El colectivo ciclista sostiene que las palabras del regidor no se ajustan a lo previsto por el propio Ayuntamiento. Explican que, tras consultar el proyecto de obra redactado por la Gerencia de Urbanismo, han encontrado en su Anexo 9 una referencia explícita al mantenimiento del tránsito para bicicletas durante los trabajos. Según ese documento: "El tránsito ciclista del Puente de San Telmo se verá interrumpido parcialmente para poder proceder con las actuaciones del presente proyecto. No obstante el faseado de las obras en dos etapas permite el tránsito ciclista en todo momento. La primera fase en la que se acometerán los trabajos sobre la acera Norte no afectarán al tránsito ciclista sobre el actual carril-bici anexo a la acera Sur. Mientras que, en la fase segunda, en la que se acometerán los trabajos sobre la acera Sur y el carril-bici anexo, se interrumpirá el tránsito ciclista por la misma, que se desviará a la acera Norte compartida con el tránsito peatonal."

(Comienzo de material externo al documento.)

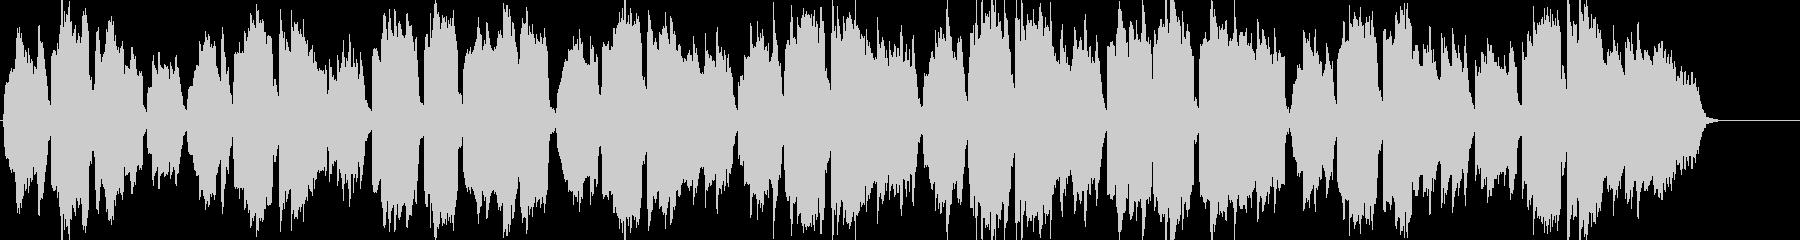 ケルトのホイッスルとハープのやわらかな曲の未再生の波形
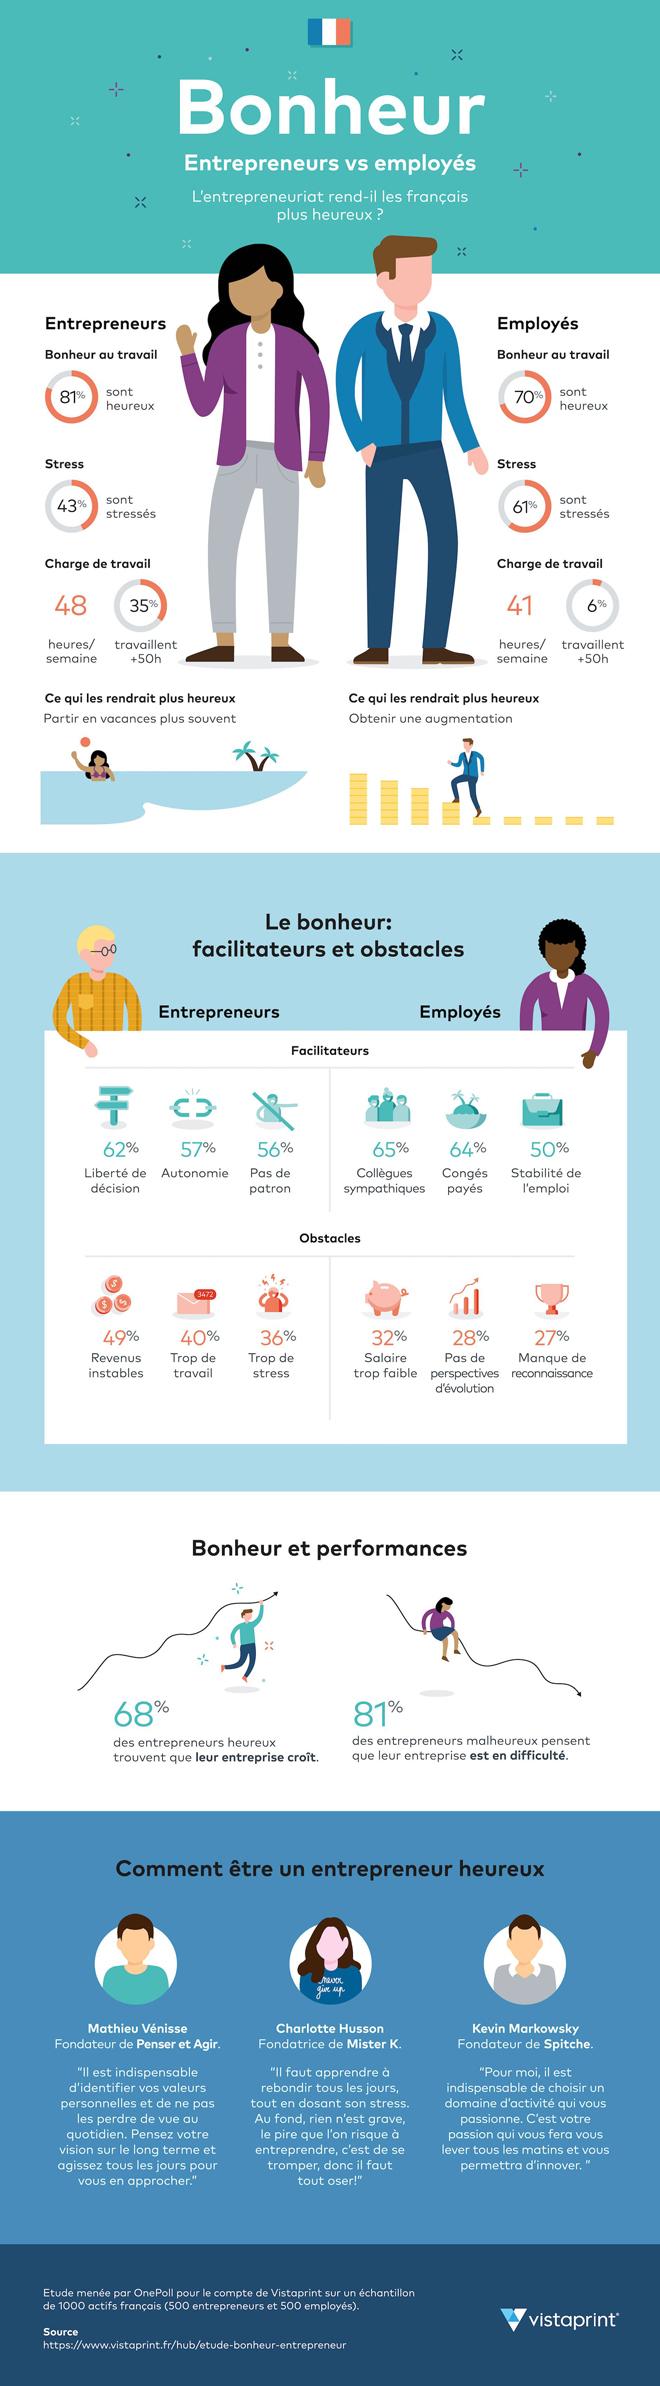 Infographie bonheur au travail entrepreneurs VS employés

Para A Contramano, esta previsión demuestra que la afección al tráfico ciclista ya estaba “considerada y solucionada” en el proyecto, por lo que acusan al alcalde de faltar “a la verdad, conscientemente o por desconocimiento” al afirmar que no existen alternativas.
Otra cuestión diferente es la idoneidad de la propuesta municipal. El colectivo admite que comprimir el tráfico peatonal y ciclista en una sola acera dista de ser la mejor opción. Y vuelve a defender la que consideran solución óptima: dedicar temporalmente uno de los tres carriles para vehículos privados al tránsito ciclopeatonal. Sin embargo, lamentan que, como en el caso de Luis de Morales, esto choque con lo que califican como uno de los “tabúes” del Ayuntamiento: tocar uno de los pilares de la movilidad “insostenible”, el automóvil privado.